Zig-zag encoding

Encoding numbers, these abstract counting things, as physical entities requires choices. Ignoring the whole religious war about big-endian versus little-endian, or the long-since won battles about two’s complement versus anything else, we are left with “how many bits/bytes do we use?”. If you pick a fixed-length, then you limit the range of the number you store, and you potentially waste a lot of space.

Variable length numbers are a compromise - you have either an explicit length prefix, or you have some sentinel that indicates the end of the number. However, you’re faced with a challenge when it comes to negative numbers - two’s complement is good for fixed-length numbers, but you can’t tell the difference between a large positive number and a small negative number, leaving all negative numbers to be encoded as giant variable length strings.

Google Protocol Buffers, for positive numbers, uses what they call Varint encoding, where there is a sentinel: numbers are stored in little-endian format, 7 bits per byte, and the most-significant bit is 0 for the last byte and 1 for all other bytes.

Reading and writing Varint-encoded numbers looks like this (warning: no checking! not production code!):

void to_varint(uint64 n, unsigned char* buf)
{
    while (n > 127)
    {
        *buf++ = (n & 0x7F) | 0x80;
        n >>= 7;
    }
    *buf = n;
}

uint64 from_varint(unsigned char* buf)
{
    uint64 n = 0;
    int shift = 0;
    while (*buf & 0x80)
    {
        n |= static_cast<uint64>(*buf++ & 0x7F) << shift;
        shift += 7;
    }
    n |= *buf << shift;
    return n;
}

For signed numbers, it does what they call zig-zag encoding to interleave positive and negative numbers so that small negative numbers are still stored with a small number of bytes.

This actually stores an absolute value of the number with the sign bit stored in the least-significant bit of the first byte. The math looks like this

zigzag = (n << 1) ^ (n >> (BIT_WIDTH - 1)

where BIT_WIDTH is the number of bits in your fixed-width number (32-bit, 64-bit etc).
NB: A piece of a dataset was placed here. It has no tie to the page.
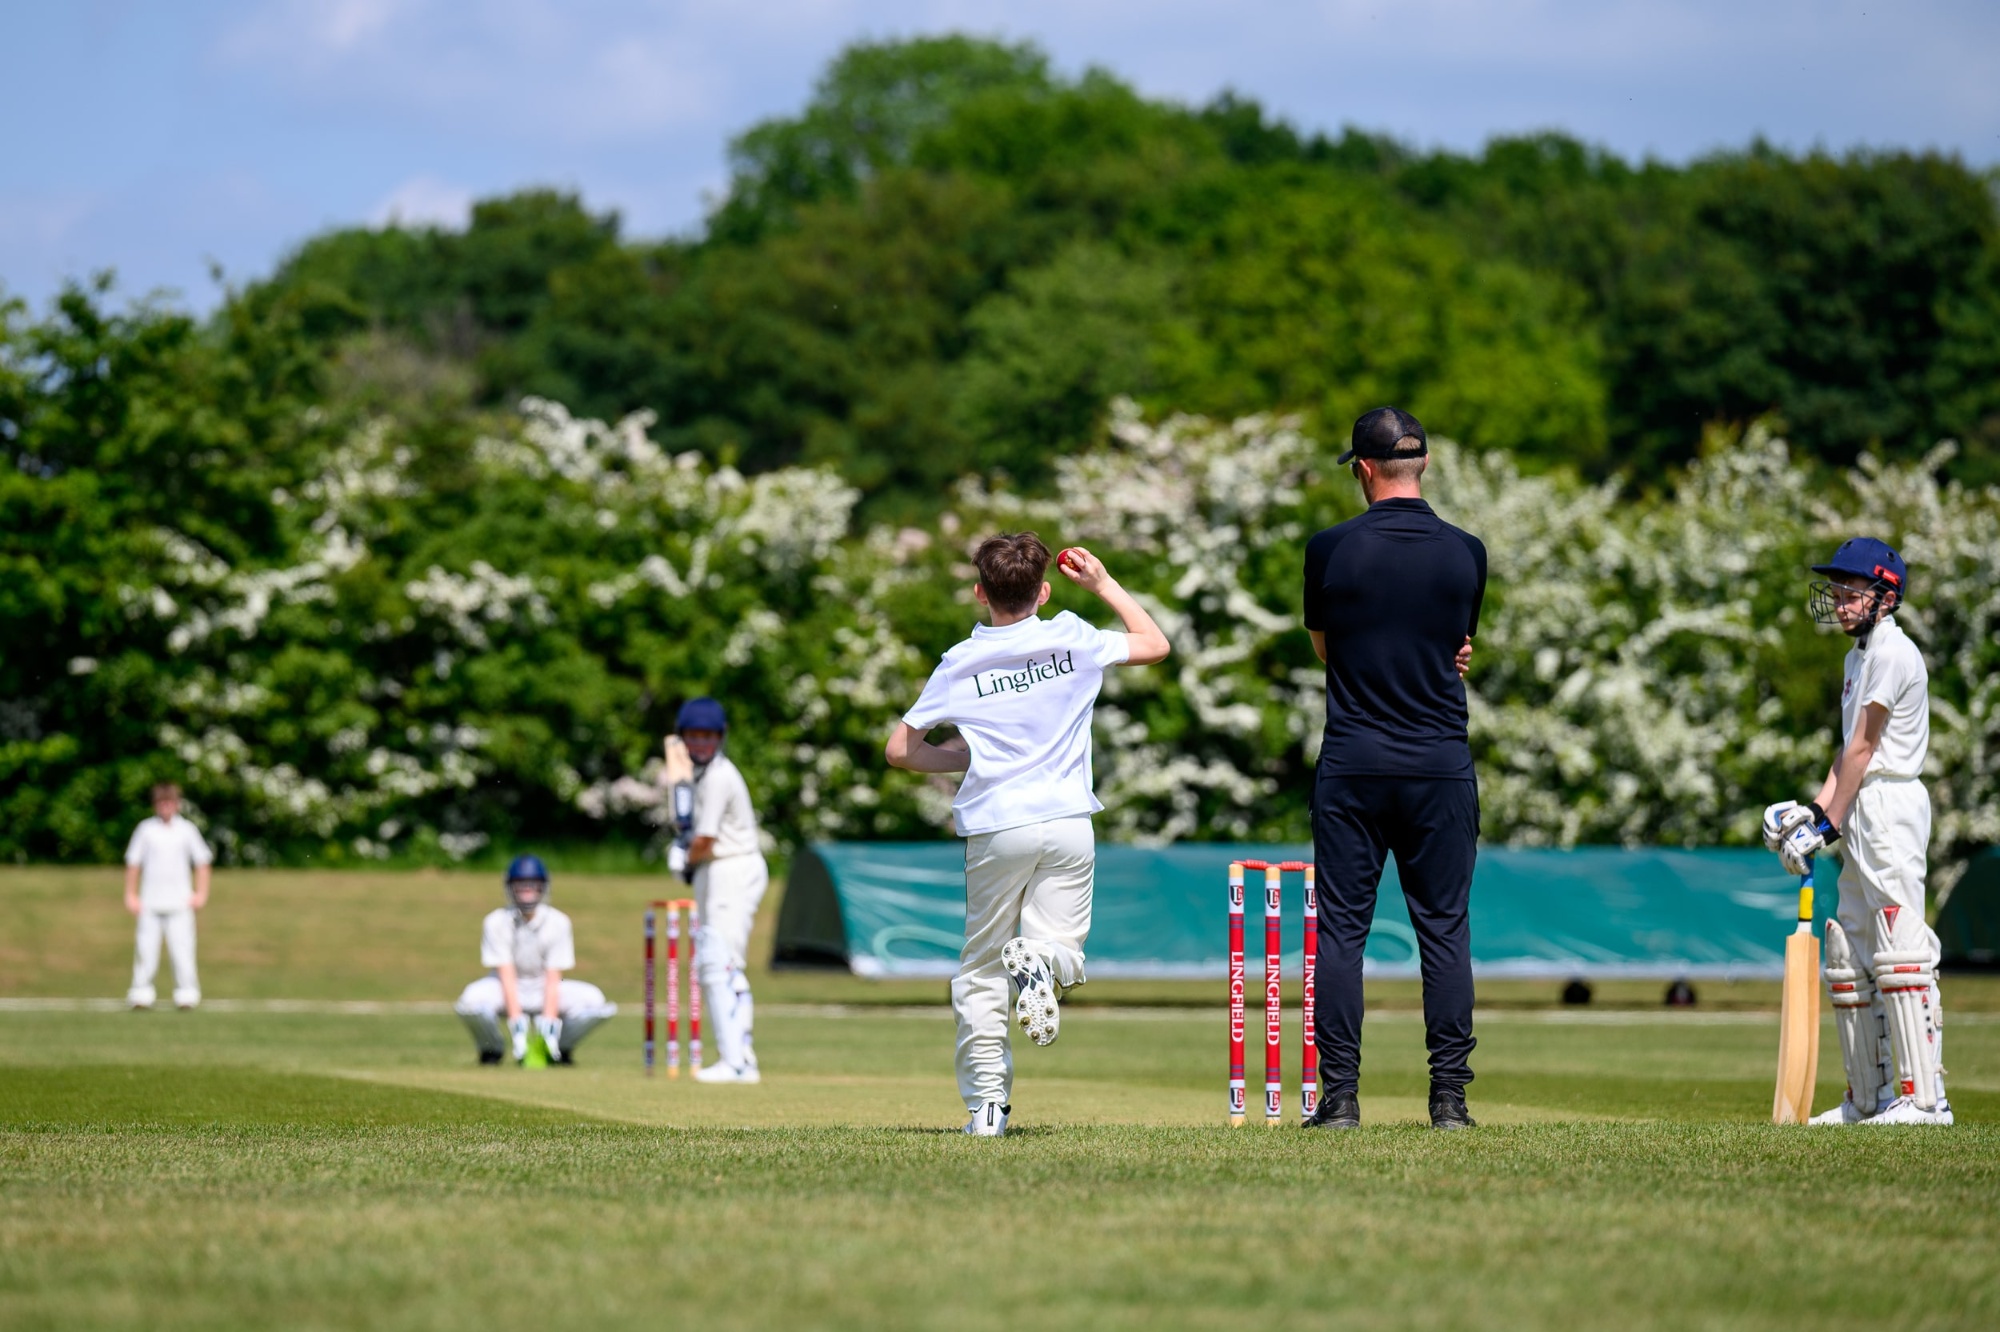 Lingfield student bowling in a cricket match
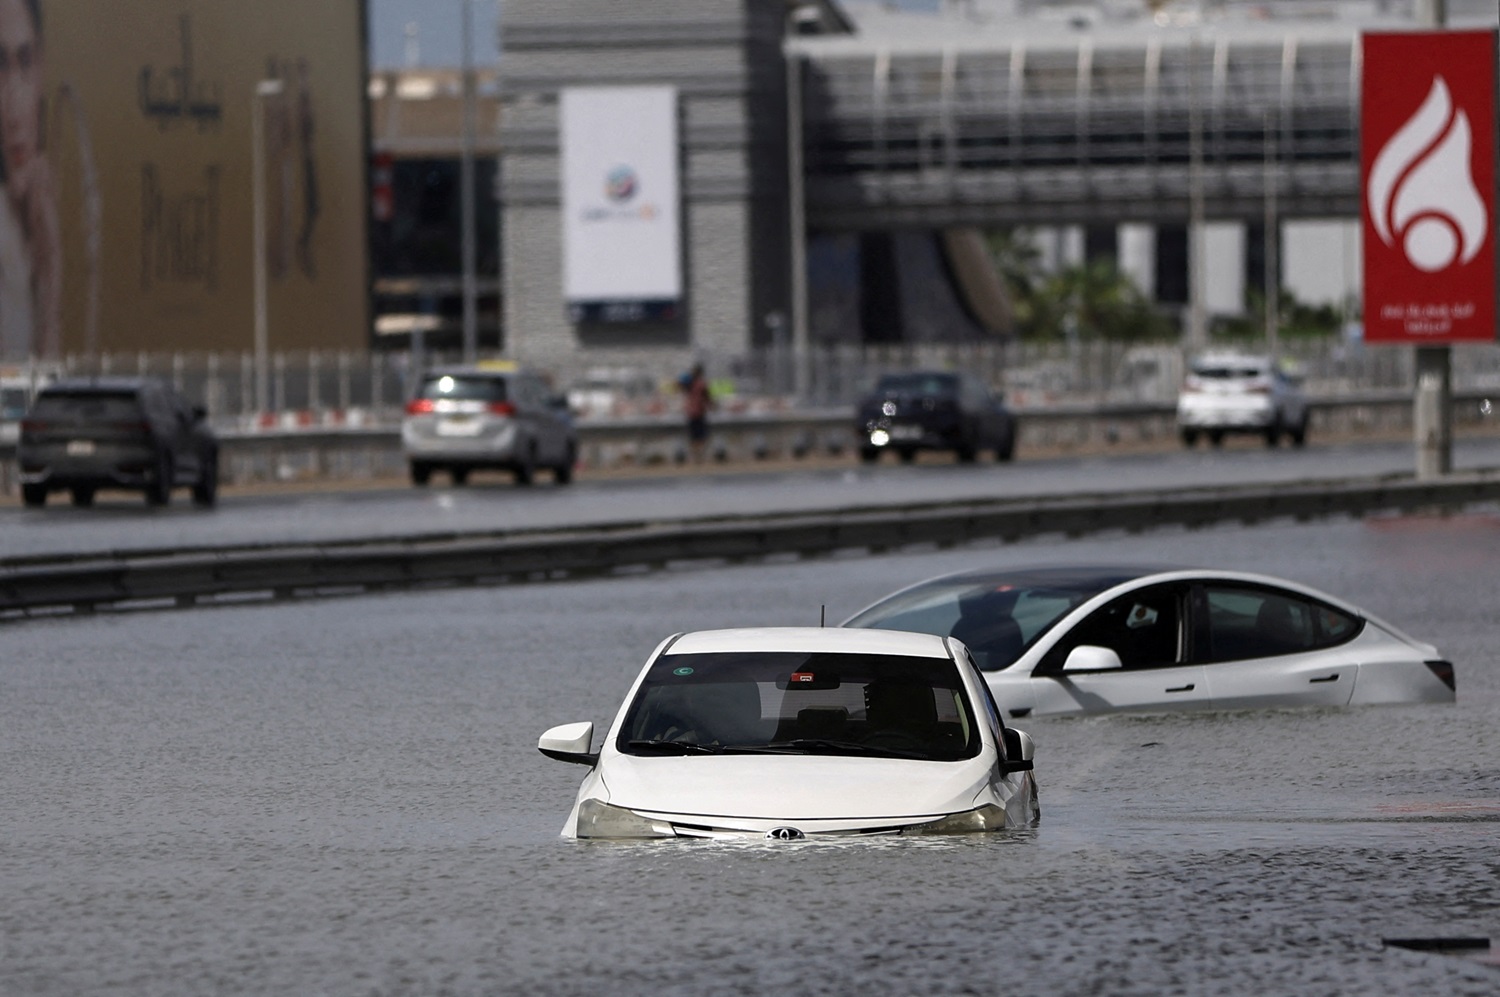 Cars sit stranded in floodwaters caused by heavy rains in Dubai. Photo: Reuters

Remember that arithmetic shift replicates the sign bit, so shifting right like this will create a number that is 000...00 for positive numbers and 111...11 for negative numbers.
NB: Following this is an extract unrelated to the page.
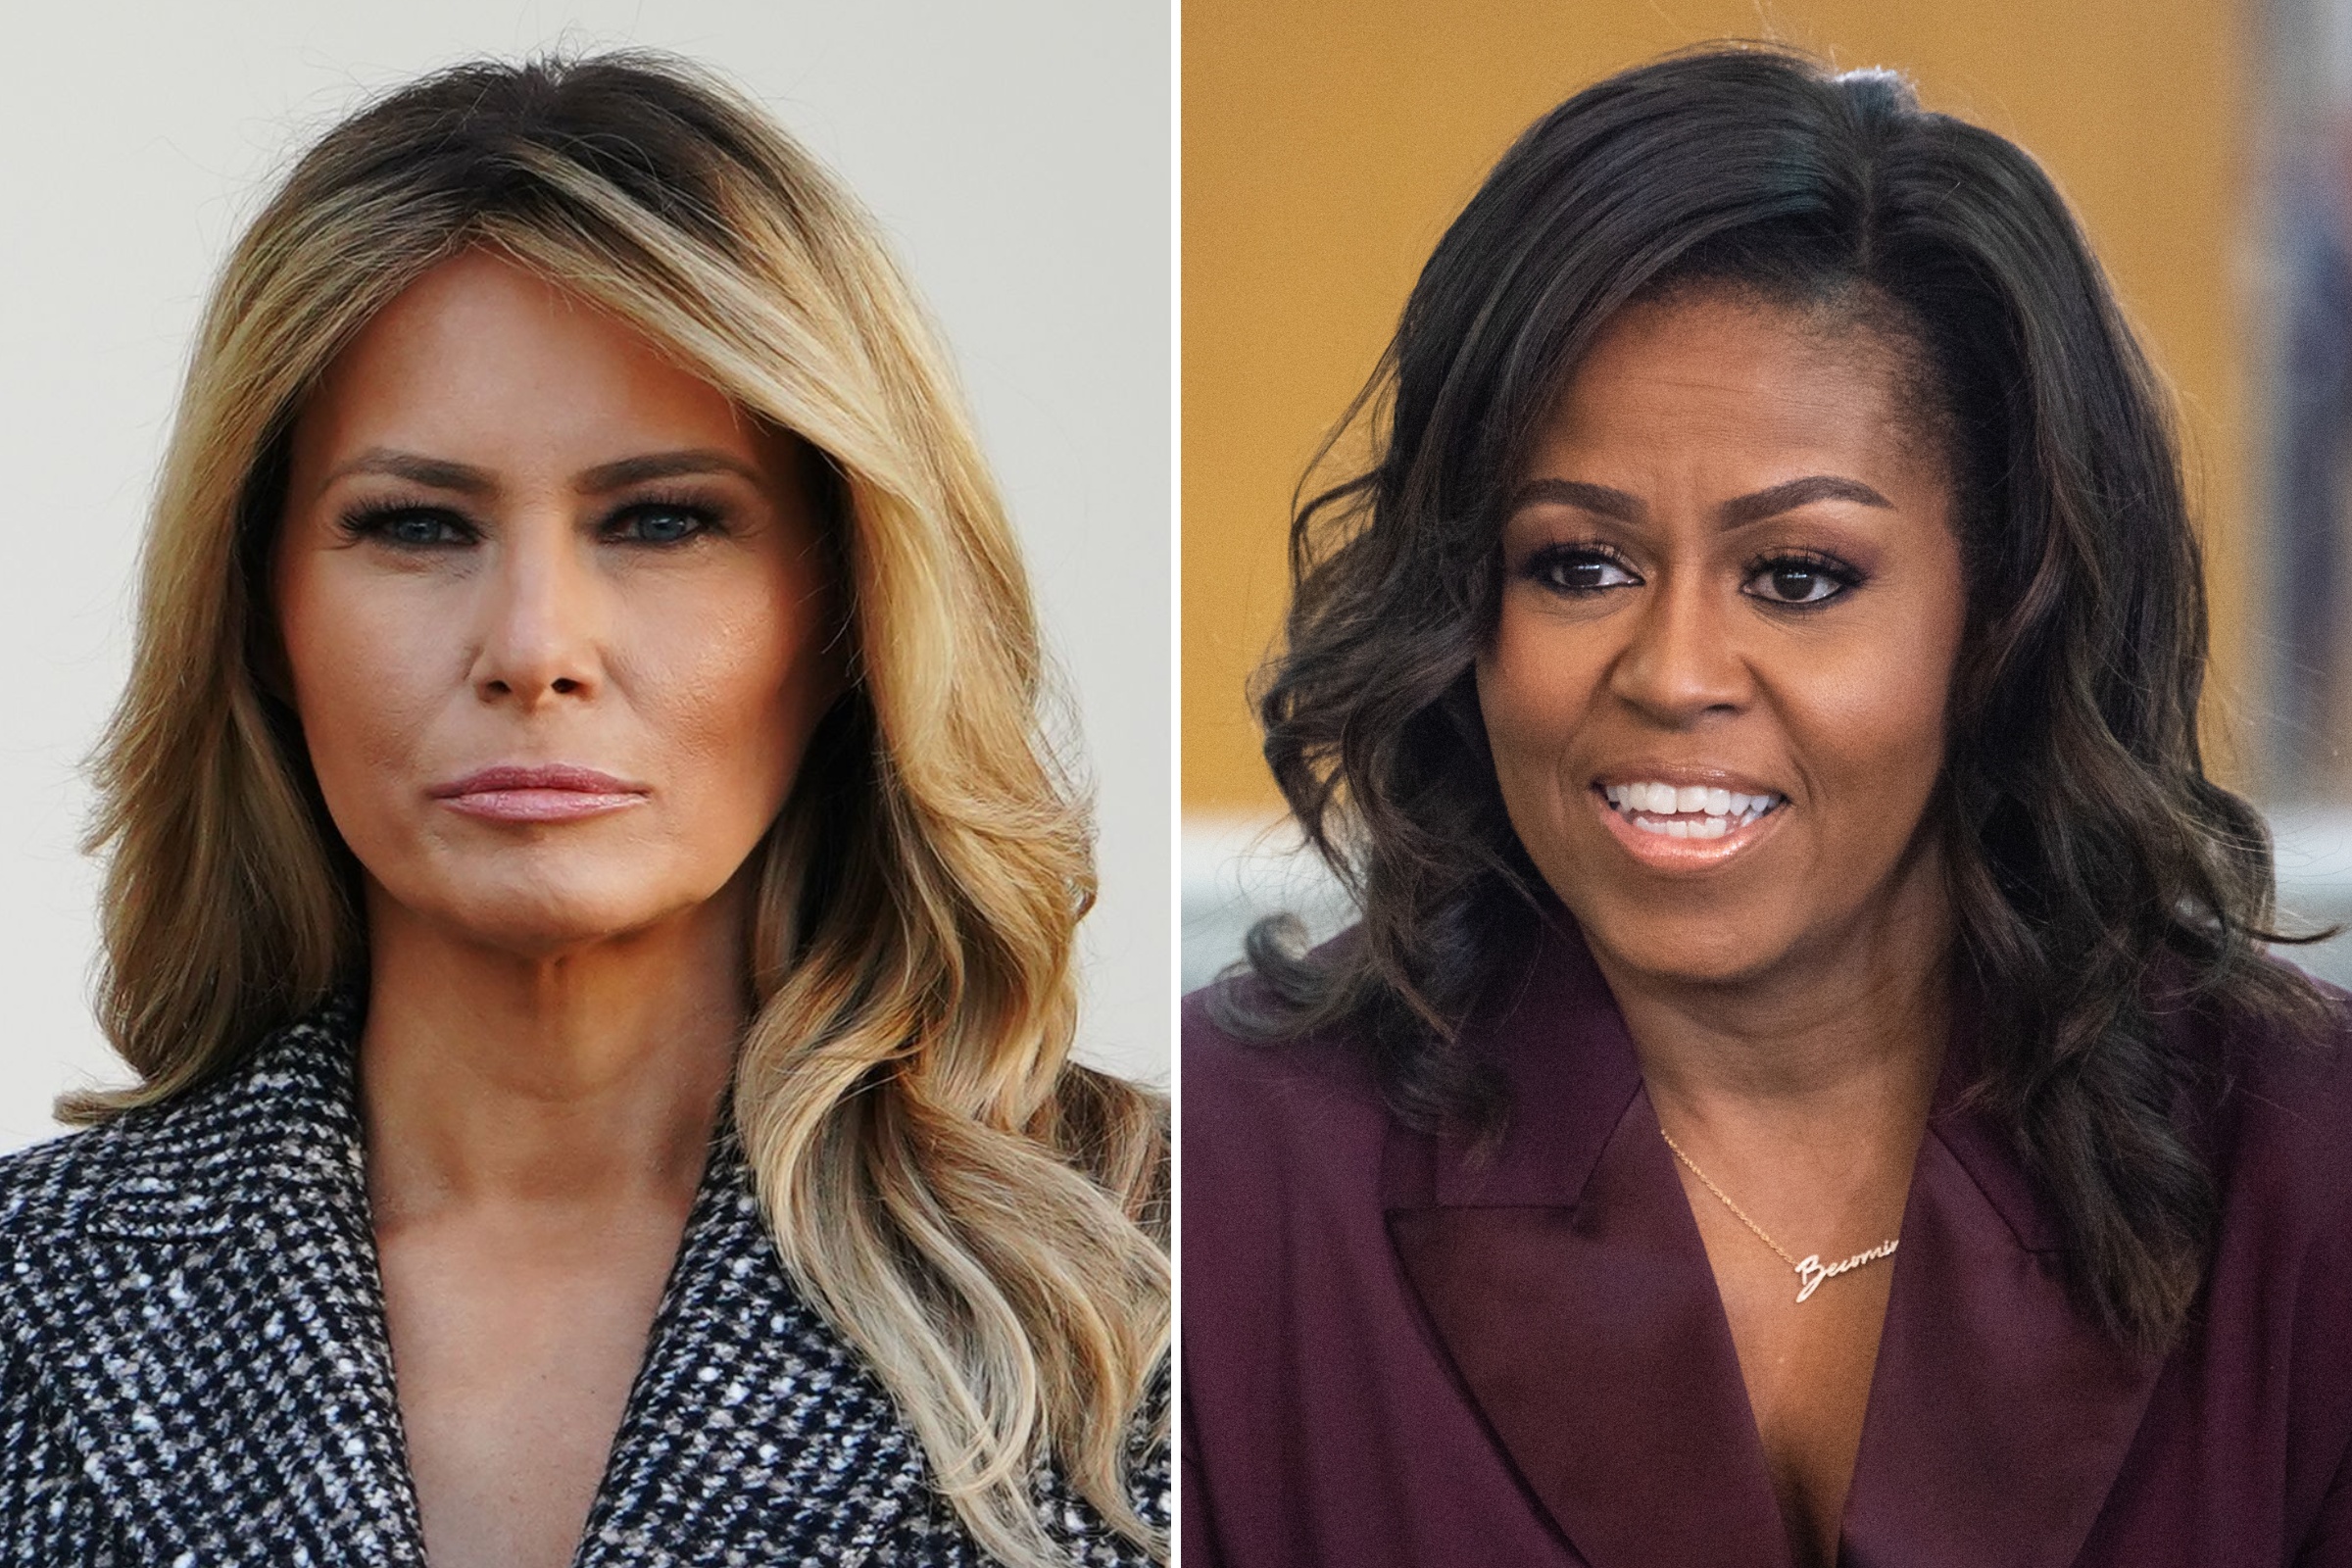 Michelle Obama Accused of Being 'Jealous' of Melania Trump - Newsweek

Reading and writing zig-zag encoded numbers looks like this (warning: no checking! not production code!):

void to_zigzag(int64 n, unsigned char* buf)
{
    uint64 z = (n << 1) ^ (n >> (BIT_WIDTH - 1));
    while (z > 127)
    {
        *buf++ = (z & 0x7F) | 0x80;
        z >>= 7;
    }
    *buf = z;
}

int64 from_zigzag(unsigned char* buf)
{
    uint64 z = 0;
    int shift = 0;
    while (*buf & x80)
    {
        z |= static_cast<uint64>(*buf++ & 0x7F) << shift;
        shift += 7;
    }
    z |= *buf << shift;
    return (z & 1) ? (z >> 1) ^ -1 : (z >> 1);
}

A real codebase would combine both together, but it would also handle buffer over/underrun too.

Note that it would be possible to store negative numbers with a smaller number of bytes with a little more sophistication, and not require zigzag encoding: you store the number of bytes required by the absolute magnitude of the number, and on reading, you pick up the MSB of the sequence of stored bytes and recreate the number. I suspect that zig-zag encoding is used because the amount of code for encoding and decoding is actually less when expressed in a high-level language, and perhaps faster even in assembly.

The code listed above could be made faster by operating on the data in 32-bit or 64-bit chunks. It would be interesting to time naive versus sophisticated code to see how much it’s worth doing it in a more complex fashion.

As a gateway to more sophisticated methods, look at Apache Orc: Run Length Encoding.